There’s a lot to admire about this brand, and one of many ways Brooklinen is blowing its competitors out of the water can be found in their product descriptions: clear, to-the-point (many of their customers are no-nonsense male customers who just want the facts), plus some enticing goodies in case you’re on the fence about buying.
For the Luxe Hardcore Sheet Bundle, you can peruse the 7401 positive reviews, enjoy a no-strings-attached 60-night free trial, and they also jump in to remind you: “The Hardcore Bundle saves you 25% vs. Buying Separately.” And did I mention they offer free shipping, too? Well done!
5. Perfect your call to action.
Let your readers know what they should do next! It’s tempting to assume that if someone is reading a product description, they’ll understand what they’re expected to do if they’re interested in the product—purchase it! But don’t miss the opportunity to make it crystal-clear what the next step is so they don’t click away.
You can certainly stick to “buy now” or something similar, but you’re also free to get creative if you think it will appeal to your ideal buyer.
Simple Green Smoothies, for instance, sells a guide to a “Thrive 7-Day Reset” detox plan. When their website visitors scroll through the product description, they’re told to “Click here to thrive.” Sounds amazing, doesn’t it?
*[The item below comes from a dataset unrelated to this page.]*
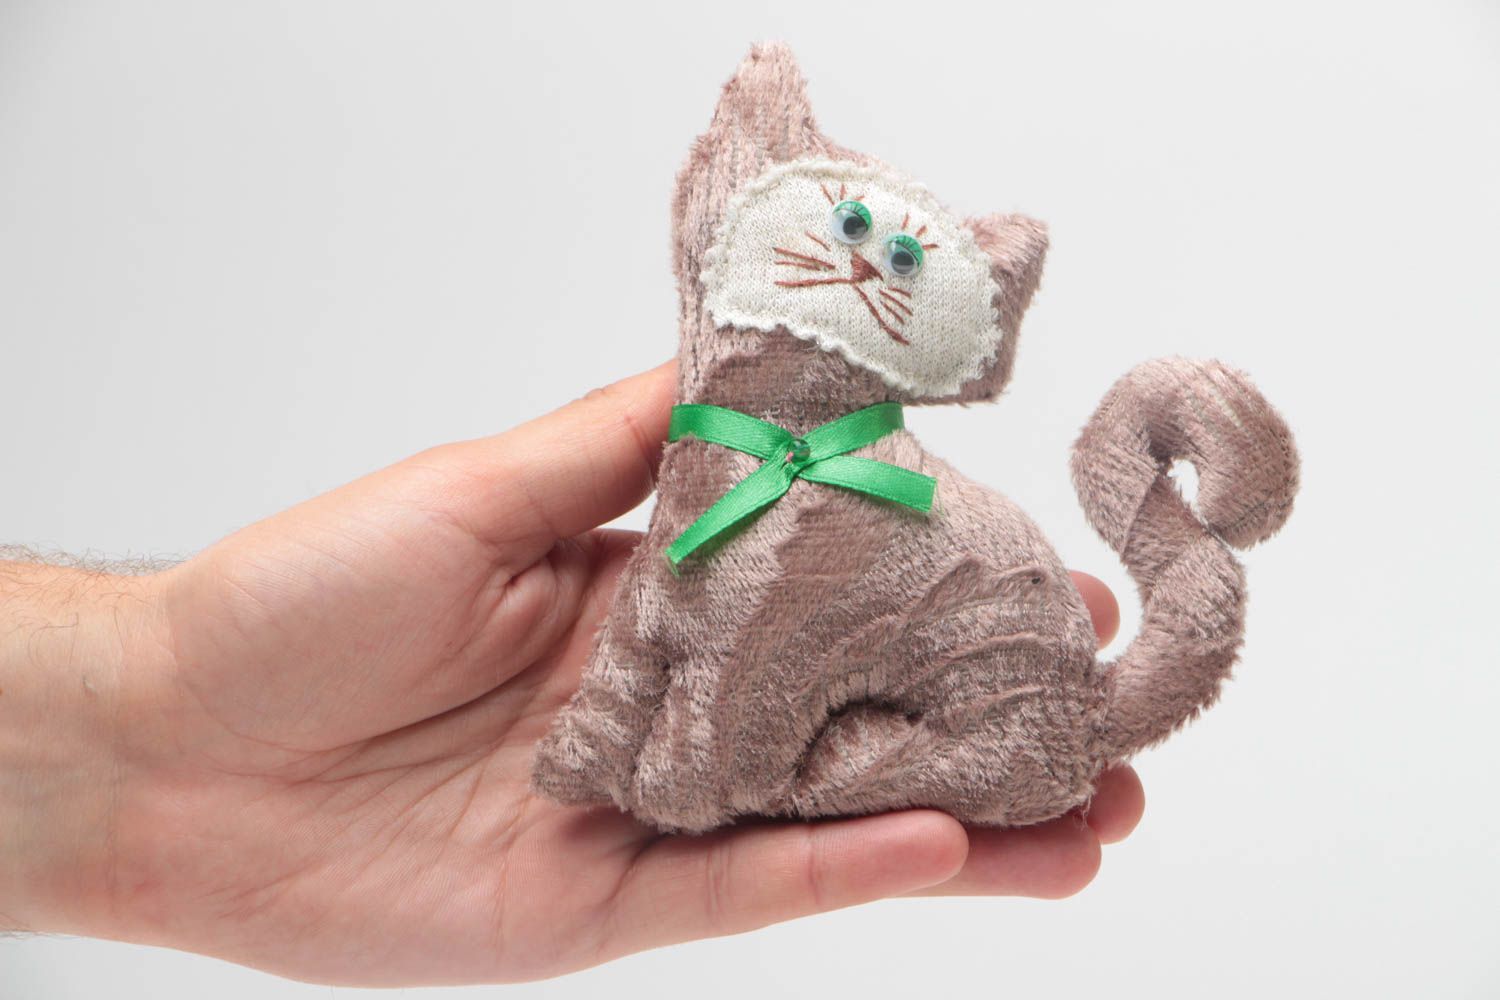 Textil Kuscheltier Kater aus Wolle weich bunt handmade Spielzeug für Kinder foto 5

To their ideal buyers, it most definitely does! Take a look:
6. Be strategic about formatting.
With all this talk of making your product description stand out, don’t forget to make it readable! Let’s be real—many of us skim through blocks of text we encounter online. So make sure your product descriptions are scannable, with bullet points, headings and subheadings (if it’s a longer description), easy-to-read fonts and graphics, and plenty of white space.
Artisan Bath and Body sells their handmade soaps with the “scanners” in mind; it captures attention beautifully.
A longer description is available when you scroll down further.
This is your chance—make sure everyone knows how amazing your products are!
I know the hard work that goes into coming this far: hours upon hours spent brainstorming, creating and making, setting up your storefront, and so much more. Don’t let your ideal buyers pass you by. Use your product descriptions to create an experience just for them. Because they’re out there, looking for you and all you have to offer. Let them know they’ve come to the right place.